For surface running, they were powered by two 240 bhp Craig gasoline engines, each driving one propeller shaft. When submerged each propeller was driven by a 115 hp electric motor. They could reach 11 kn on the surface and 9 kn underwater. On the surface, the boats had a range of 776 nmi at 8.13 kn and 24 nmi at 8 kn submerged.

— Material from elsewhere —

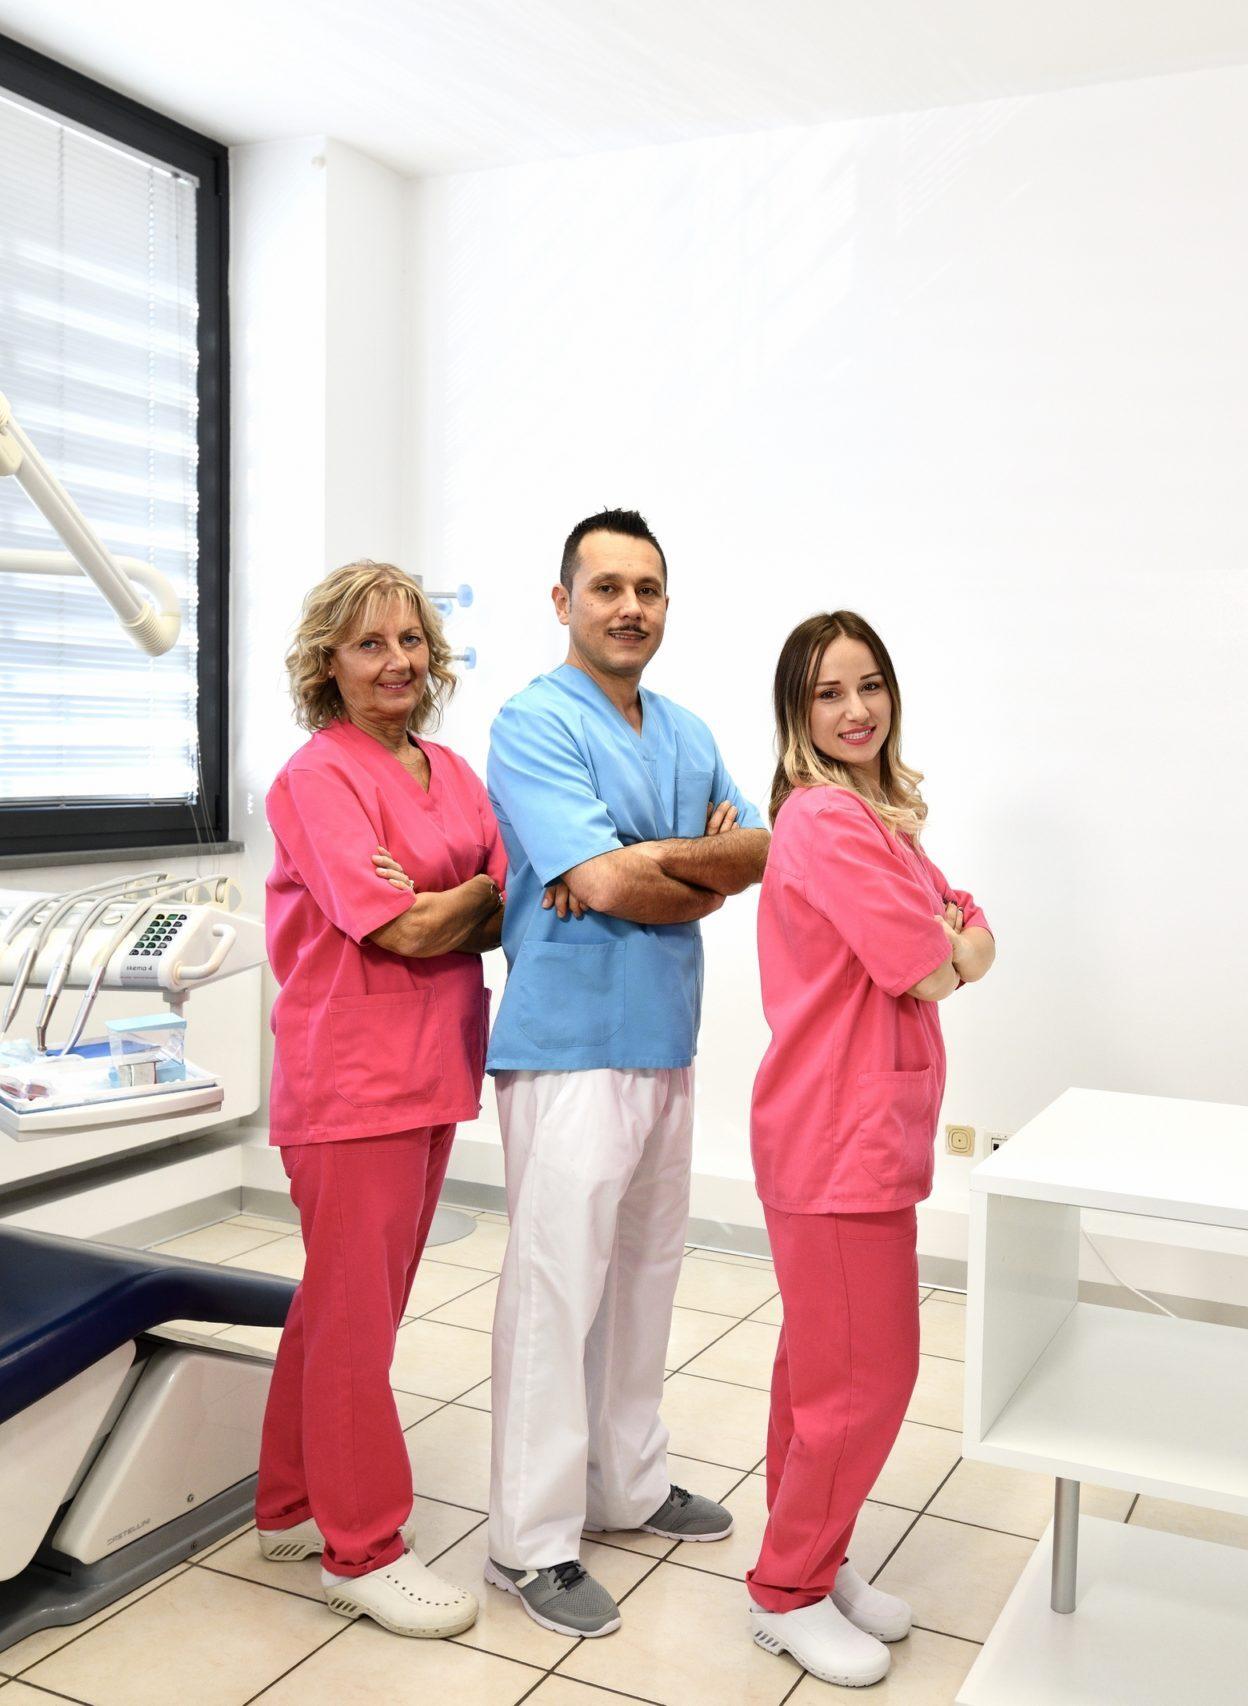 Studio Dentistico Mauro Montanari a Ravenna
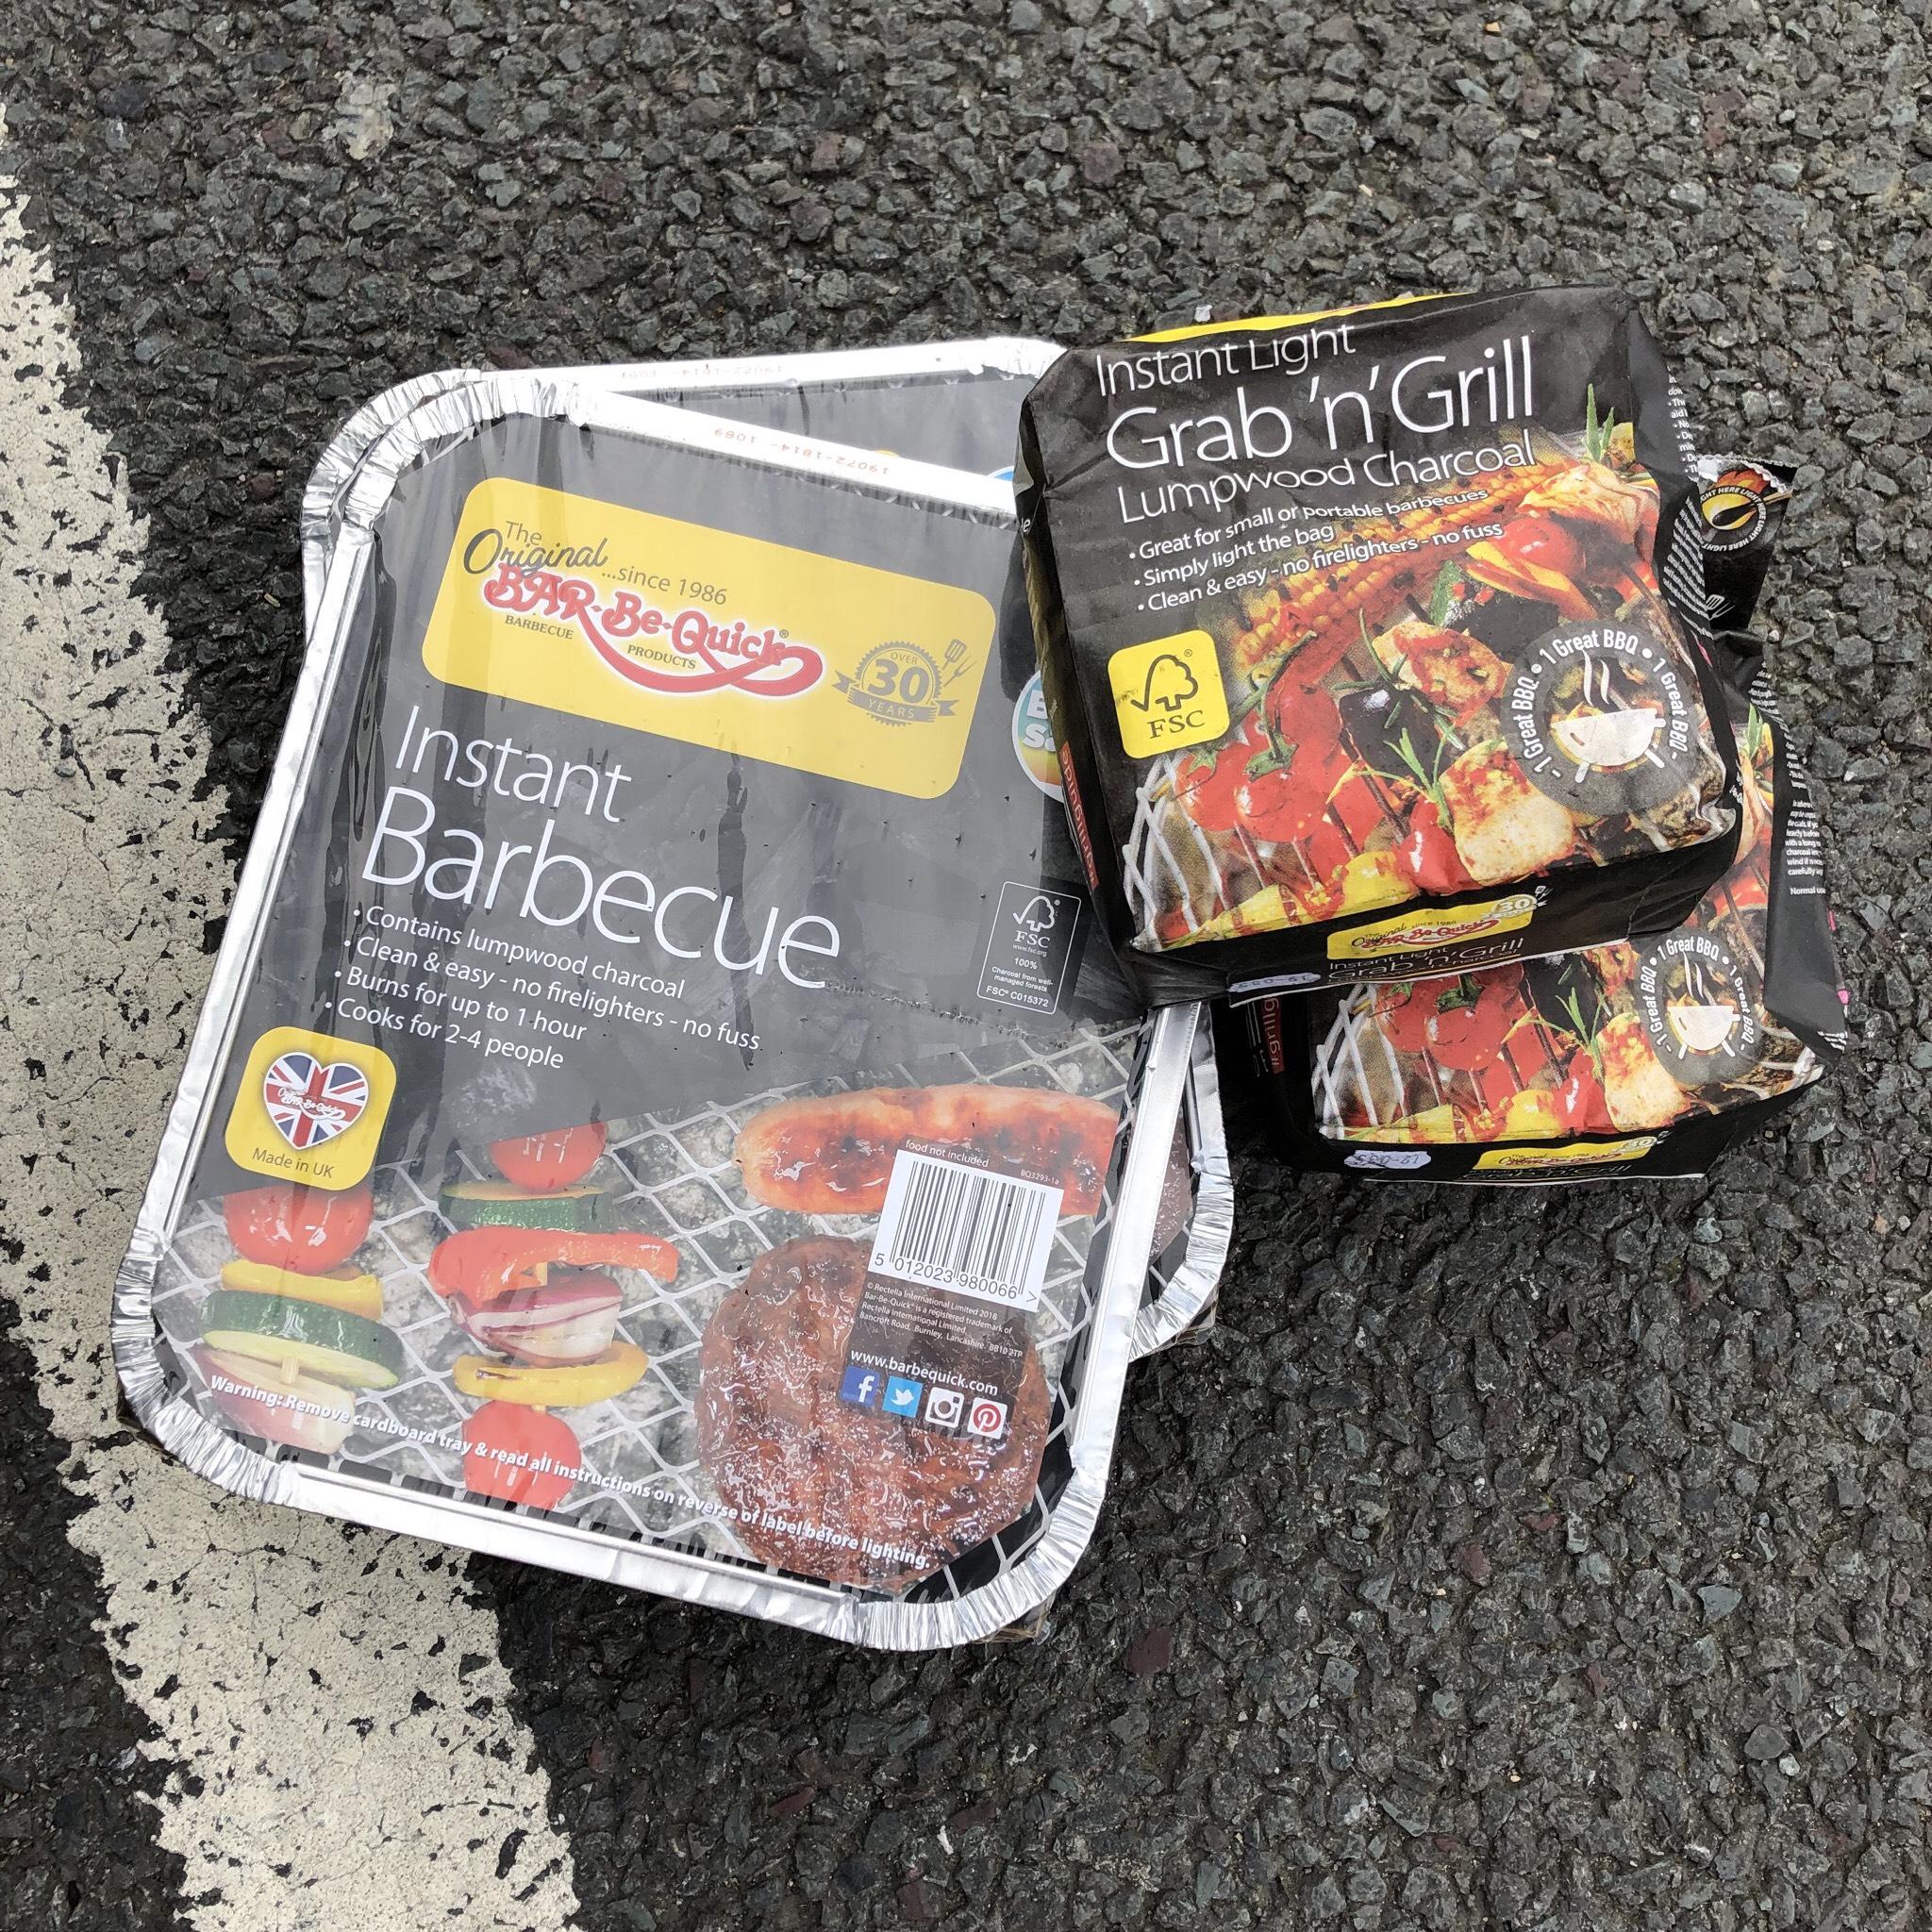 Instant BBQ 84p / Grab 'n' Grill Bags 72p @ Asda

The boats were armed with two 18-inch (450 mm) torpedo tubes in the bow. They carried two reloads, for a total of four torpedoes.

==Construction==
Bonita was laid down by Fore River Shipbuilding Company, in Quincy, Massachusetts, under a subcontract from Electric Boat Company. She was launched on 17 June 1909, sponsored by Mrs. J. C. Townsend, and commissioned on 23 November 1909.

==Service history==
On 11 July 1910, Bonita collided with the Submarine tender while practicing attack maneuvers, Castine was beached near North Truro, Massachusetts. Castine was later refloated, repaired and returned to service.

She was renamed C-4, on 17 November 1911. Assigned first to the Atlantic Torpedo Fleet, and later to the Atlantic Submarine Flotilla, Atlantic Fleet, C-4 plied East Coast waters until May 1913, when she cleared Norfolk, Virginia, for Guantánamo Bay, Cuba. Her tactical exercises and development operations continued here and from Cristóbal, Colón, Panama Canal Zone, where she reported on 12 December 1913. In August 1917, sailing with two other submarines, she explored the suitability of Panamanian ports as advance submarine bases.

==Fate==
Laid up at Coco Solo, Canal Zone, from 12 November 1918, C-4 was decommissioned there on 15 August 1919, and sold on 13 April 1920.